• **Instructions for the task**
Each line from the one holding "enlist right packers and movers chennai" to the last line of the listing must be set down exactly. No pictures are to be included.

• **Dataset content**
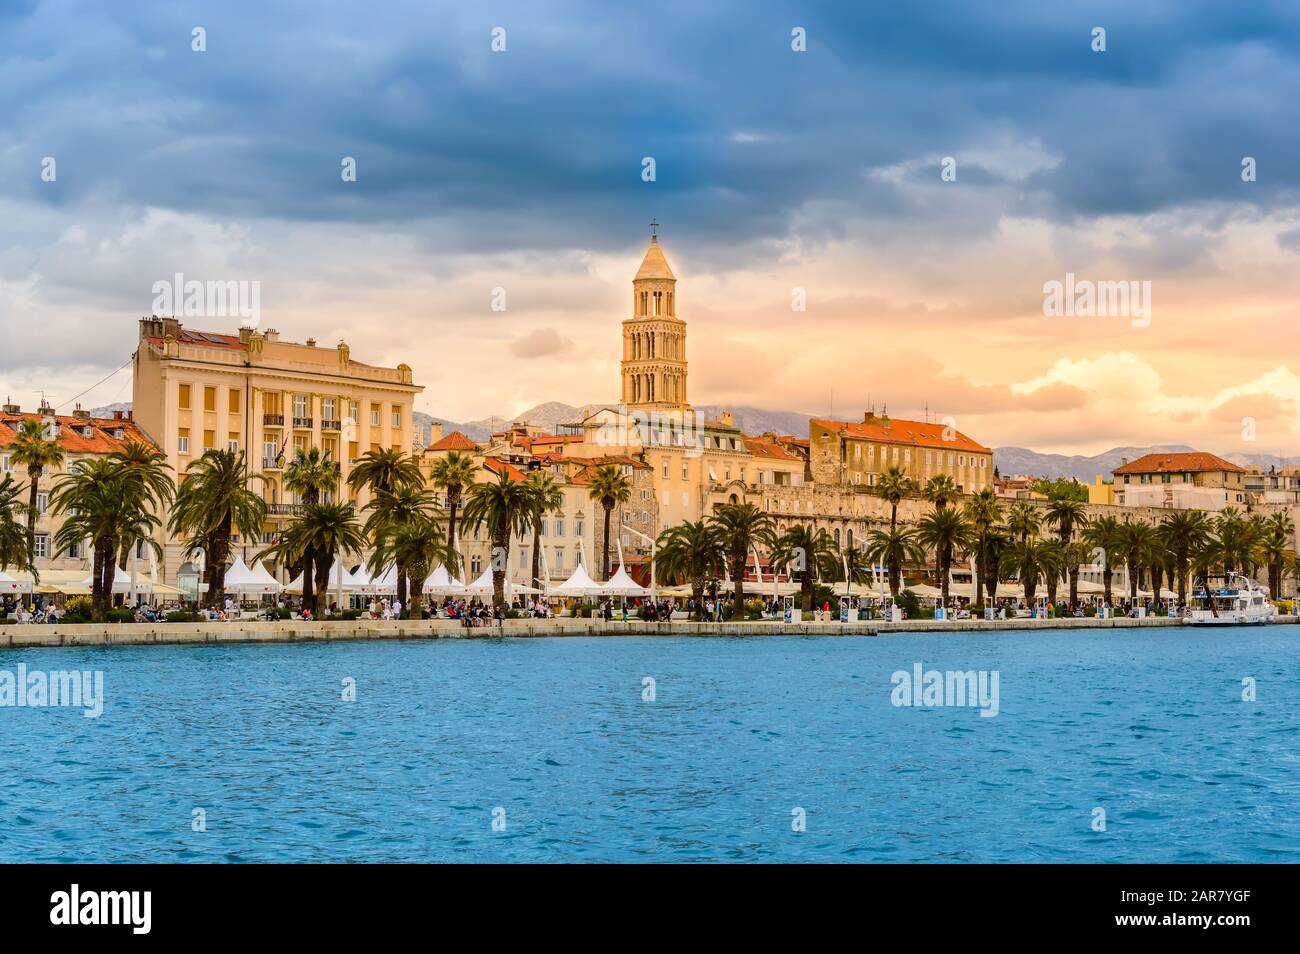 Split, Croatia - May 21, 2019: Split old town with Saint Domnius Cathedral, colorful buildings, Riva Promenade and palm trees. Vivid waterfront evenin Stock Photo
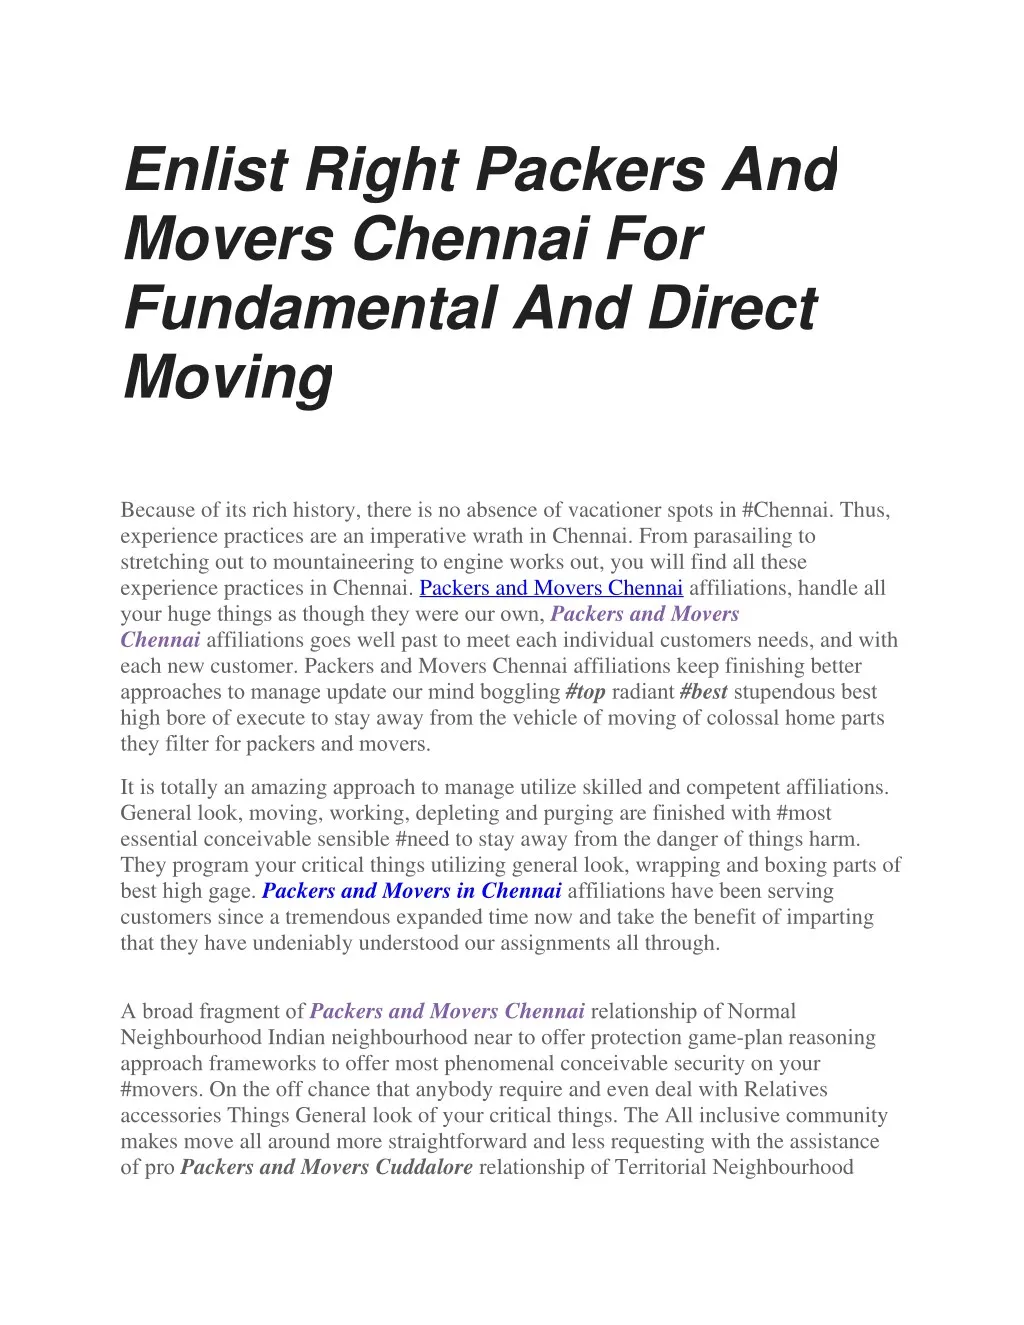 enlist right packers and movers chennai
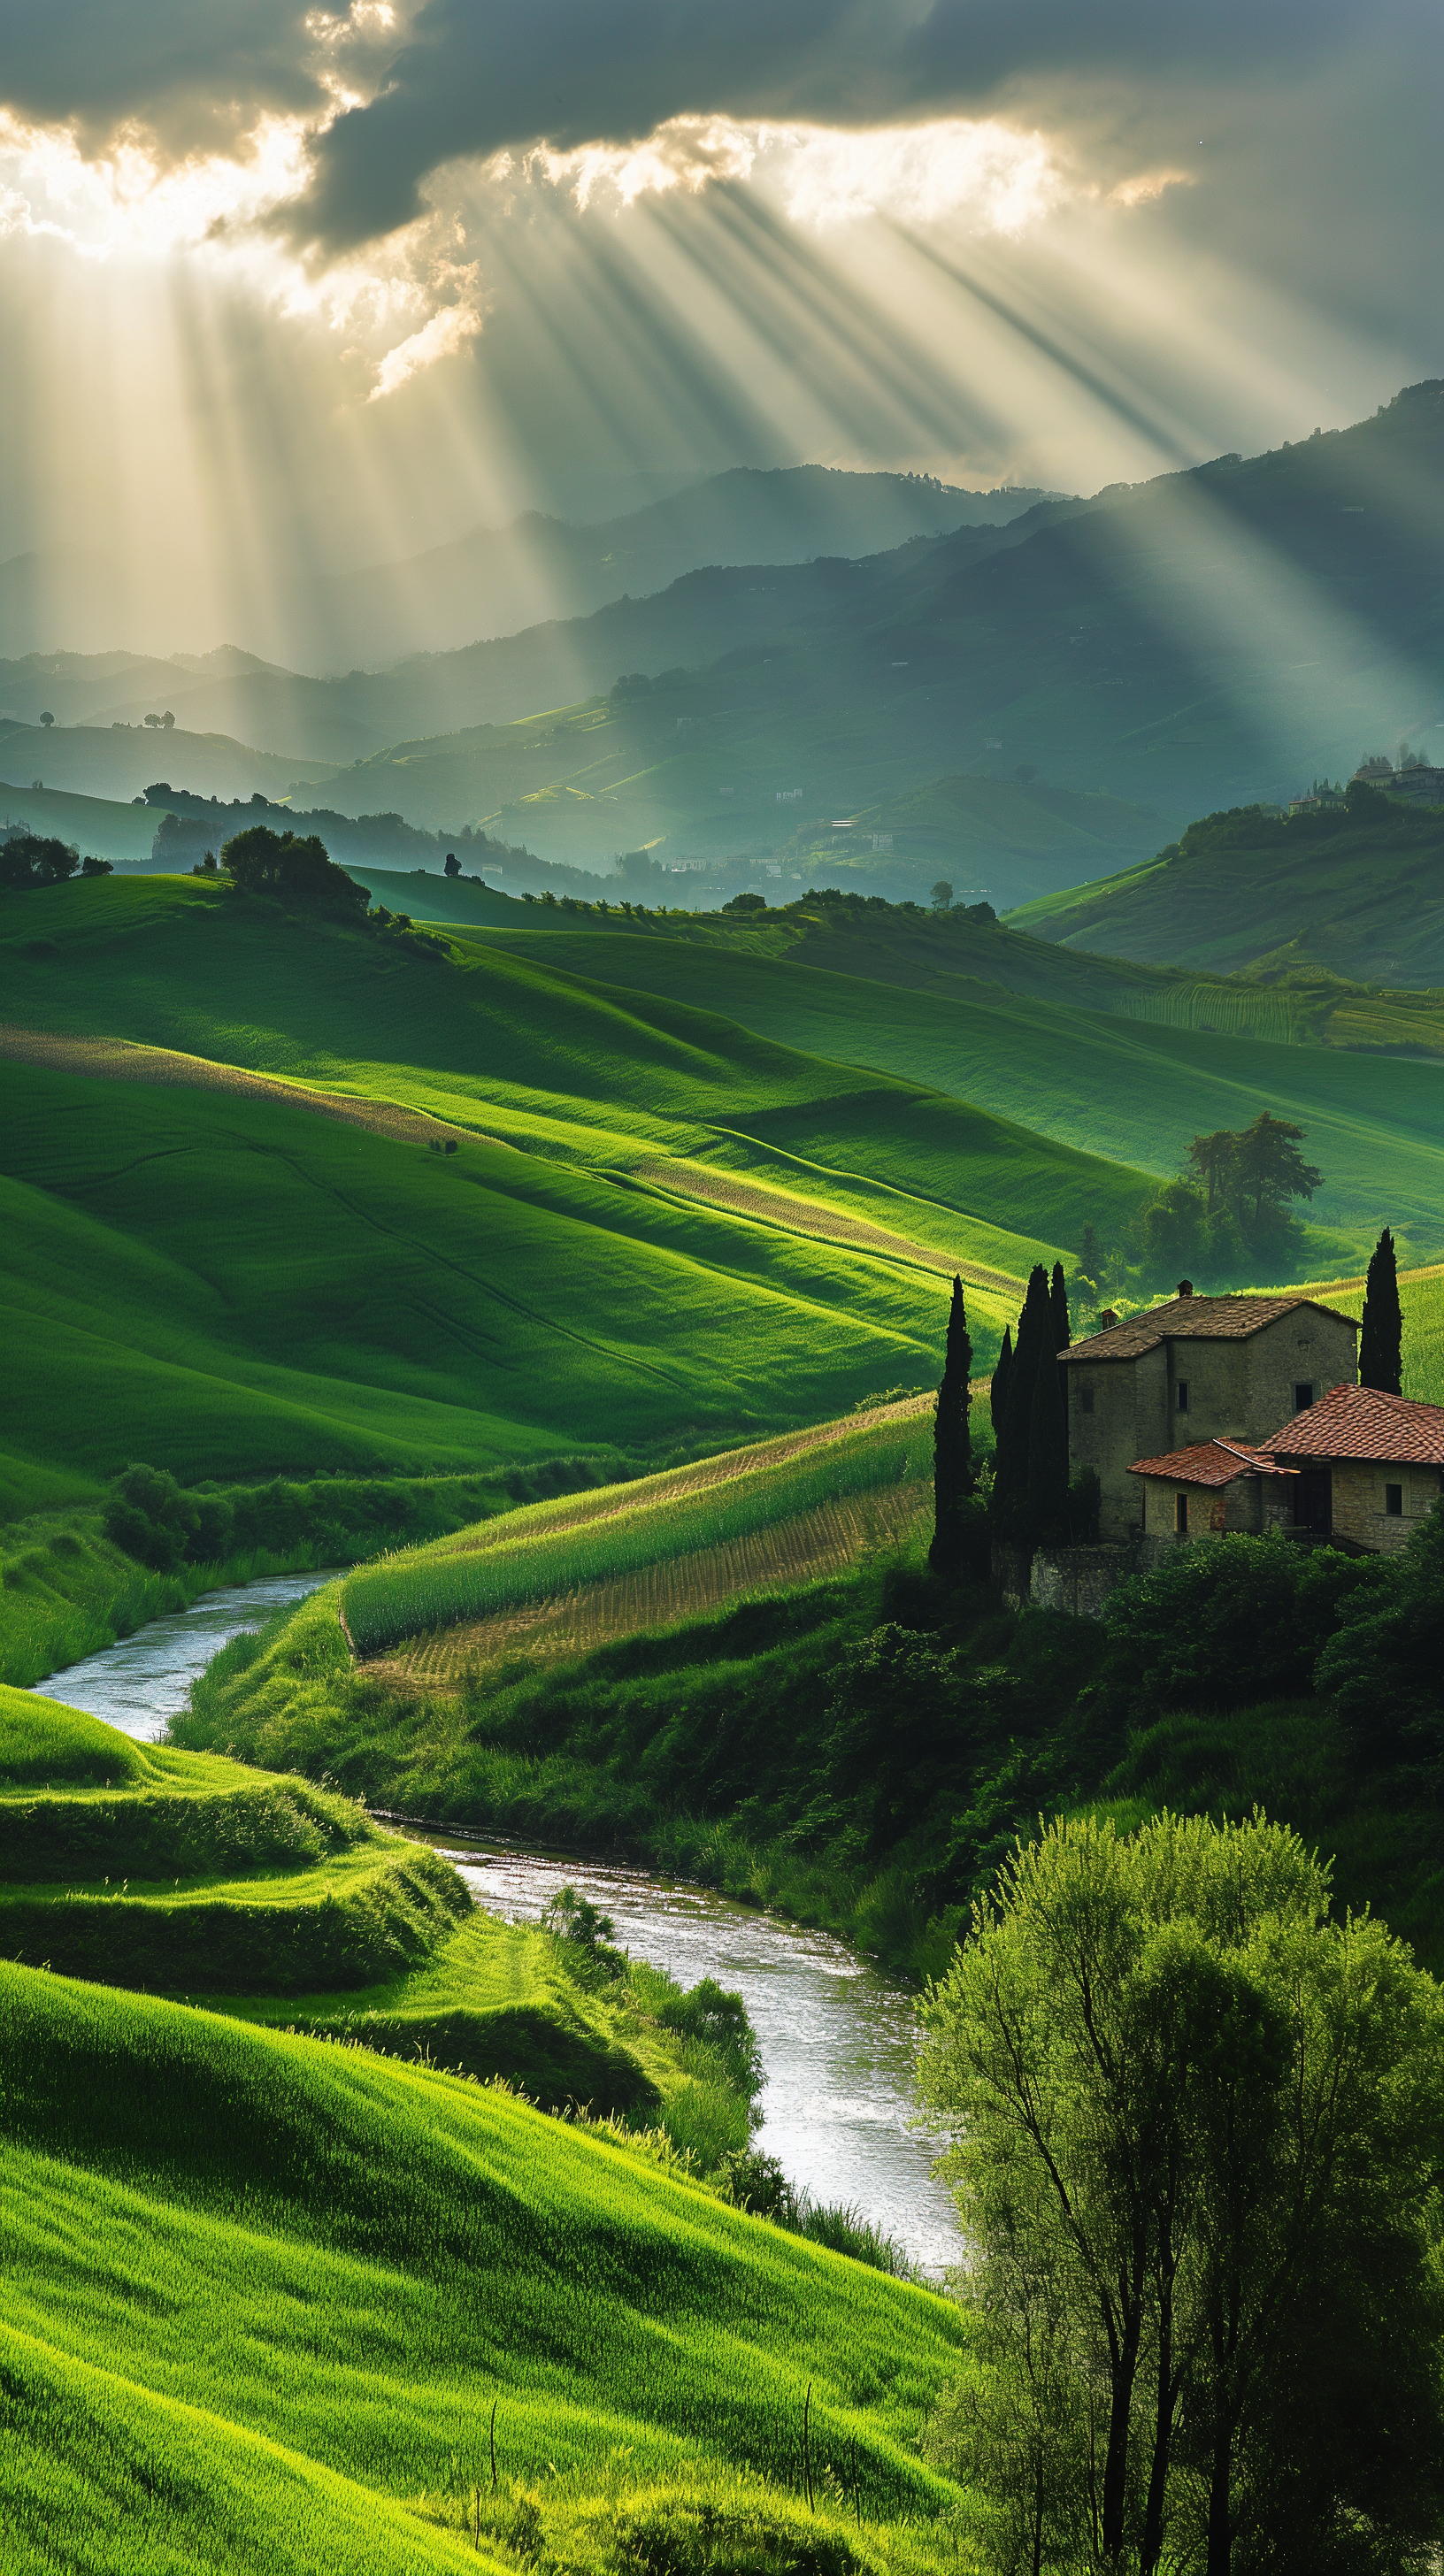 The lush rolling hills, kissed by the gentle rays of the sun

• **Result for this task**
 enlist right packers and movers chennai
 The lush rolling hills, kissed by the gentle rays of the sun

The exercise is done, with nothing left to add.